Your student loan journey might go much more smoothly if you avoid these mistakes.
Education loans are the key to a child’s ideal university, whether it be in India or outside, for a lot of Indian families. However, individuals often miss important factors that might later lead to financial hardship in their haste to get finances. Here are some tips for avoiding the most frequent errors made by borrowers when they apply for an education loan.
Not evaluating lenders
Many applicants do not investigate what other lenders are providing and instead go directly to the bank where they already have an account. Repayment periods, processing costs, and interest rates vary greatly. Over the course of the loan, even a 0.5% interest rate differential might add up to thousands of rupees.

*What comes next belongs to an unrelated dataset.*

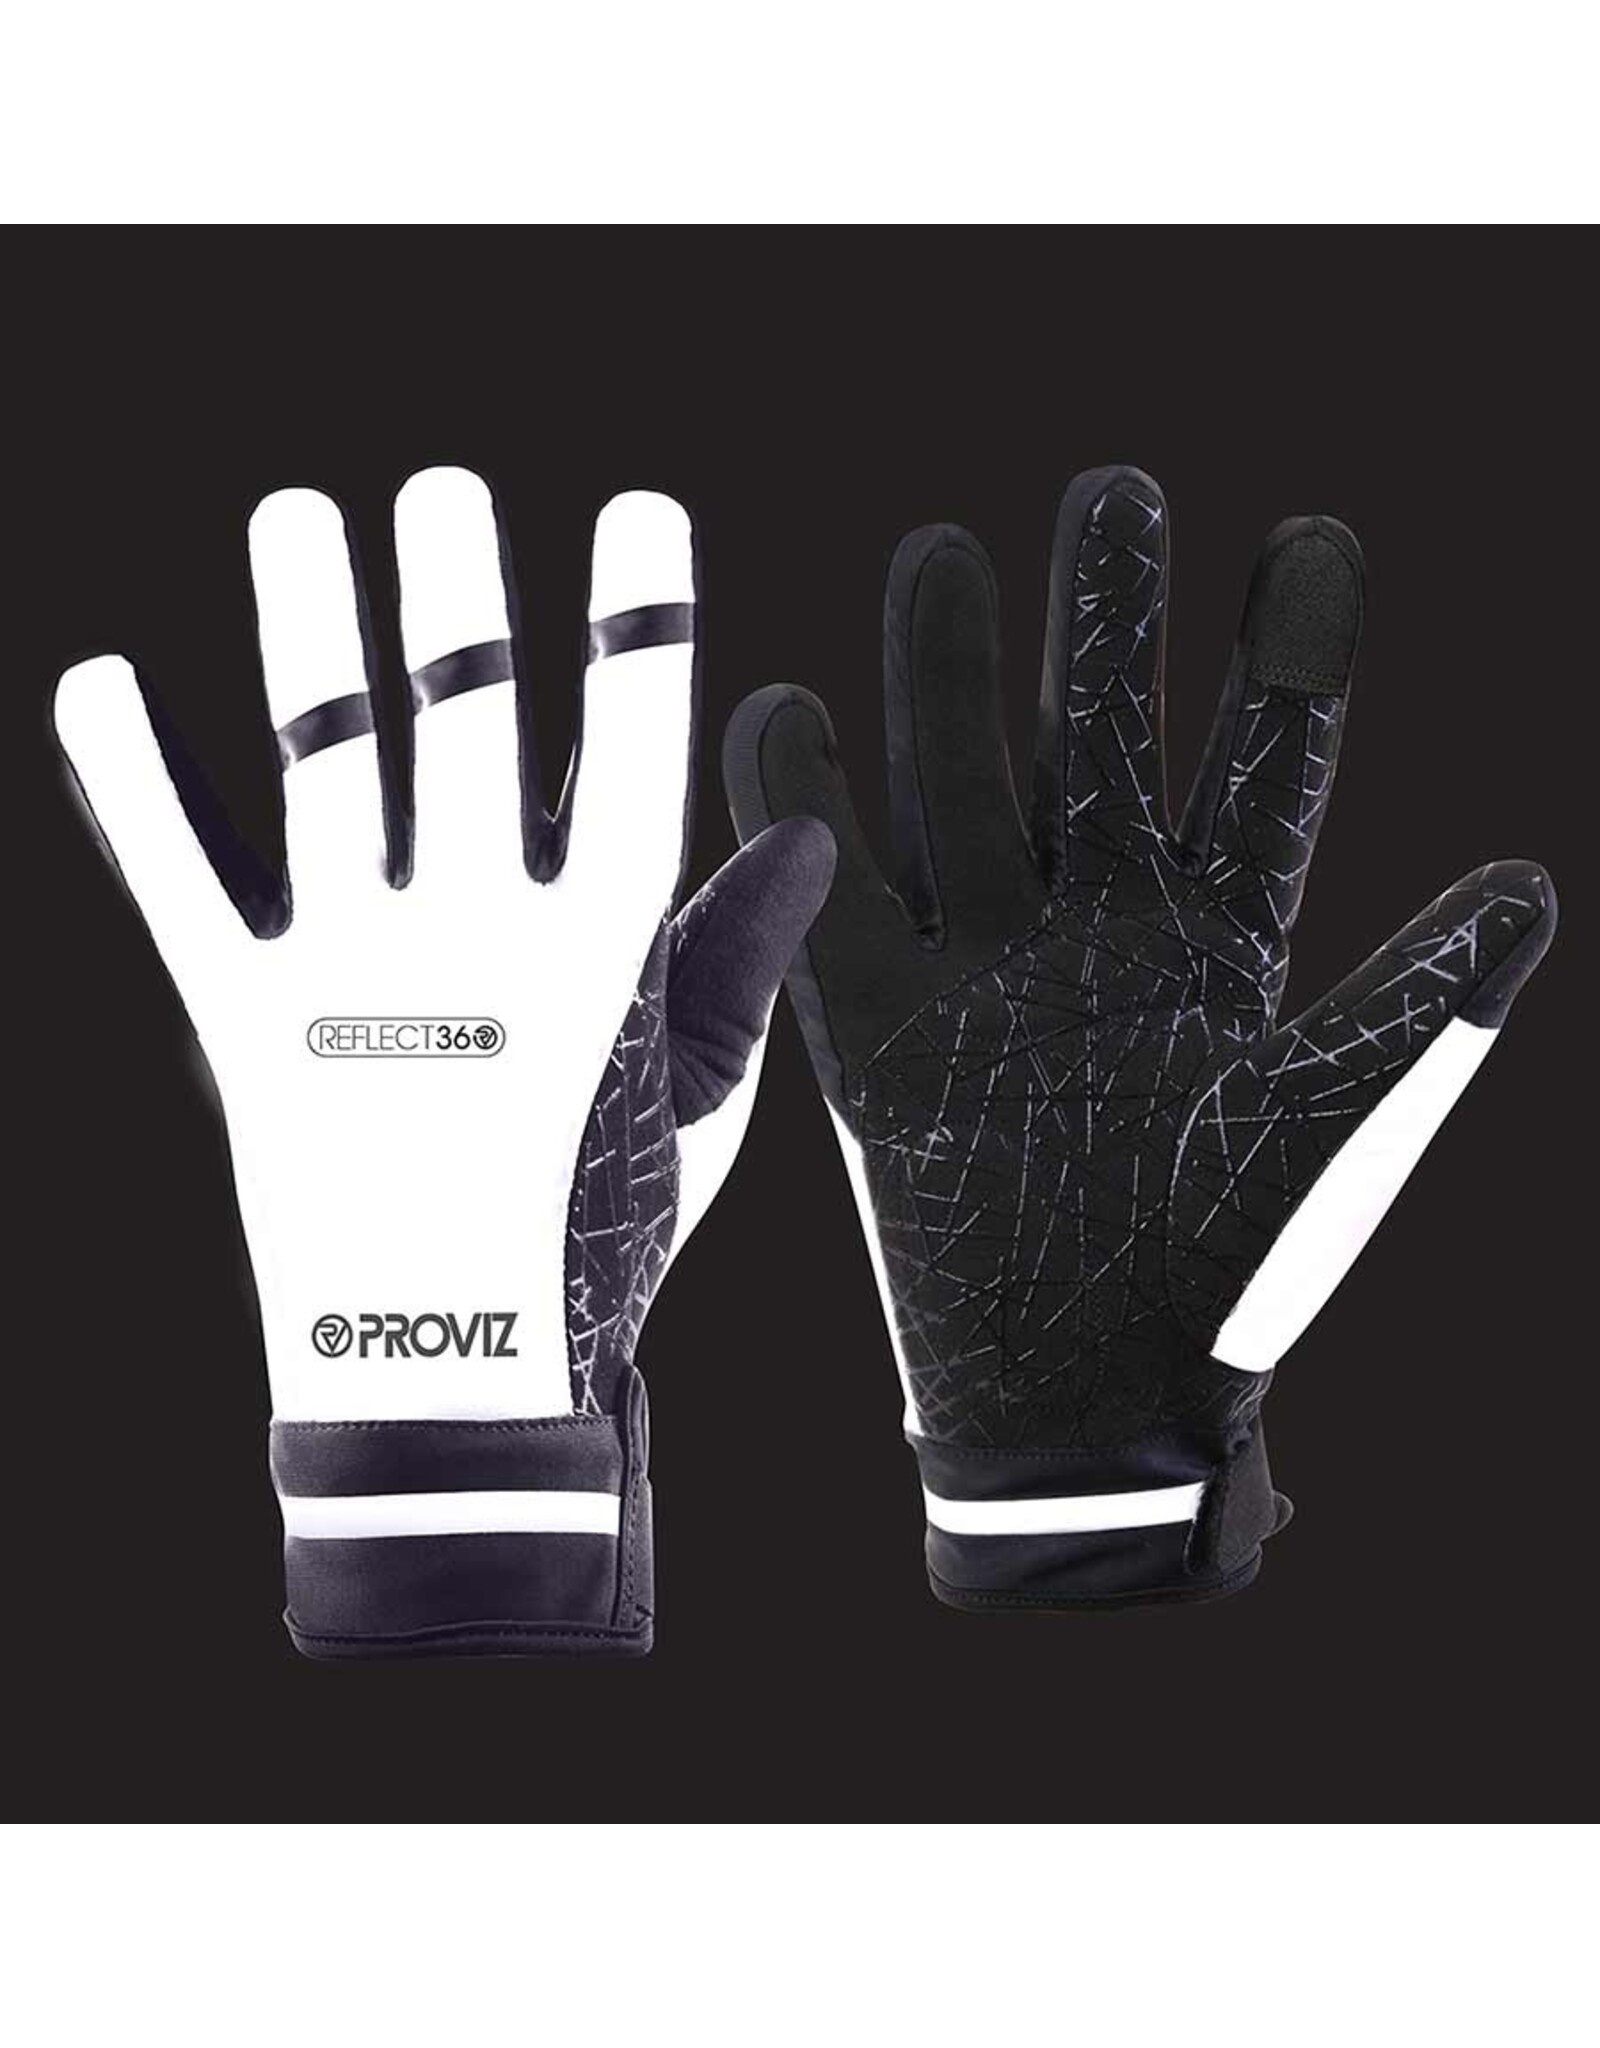 Proviz Proviz Reflect 360 Unisex Winter Gloves

disregarding the obligations of co-borrowers
Parental or guardian co-borrowers are often required for education loans. This implies that the co-borrower has equal responsibility for repayment, something that many families are unaware of. The parent’s credit score suffers as well if the student does not make timely repayments. Before signing, there must be an open discussion on this.
Overspending without preparation
Without considering their true requirements, several students accept the highest loan amount available. Because living expenses, housing prices, and tuition vary by location, taking on more debt than is required just makes repayment more difficult in the future. Borrowing just what you need and arranging the remainder via family assistance, part-time employment, or scholarships is a better course of action.
The small print regarding moratoriums is missing
Most loans include a moratorium period, which is a break in loan payments while the student completes their coursework and obtains employment. However, many people are unaware that interest often continues to accrue throughout this period. The loan balance has skyrocketed by the time repayment begins. Avoid unpleasant shocks by making clear whether interest is simple or compound during the moratorium.
Ignoring the risks associated with the employment market and currency
Exchange rates and employment opportunities provide an additional challenge for students studying overseas. If the debt is in foreign currency, a declining rupee may make payments more expensive. If the economy slows down, it might also backfire to assume that you will get a high-paying job overseas right after graduation.
The bottom line
If used properly, education loans may be a lifesaver. You can avoid them becoming a financial trap by doing your study, reading the tiny language, and making repayment plans early on.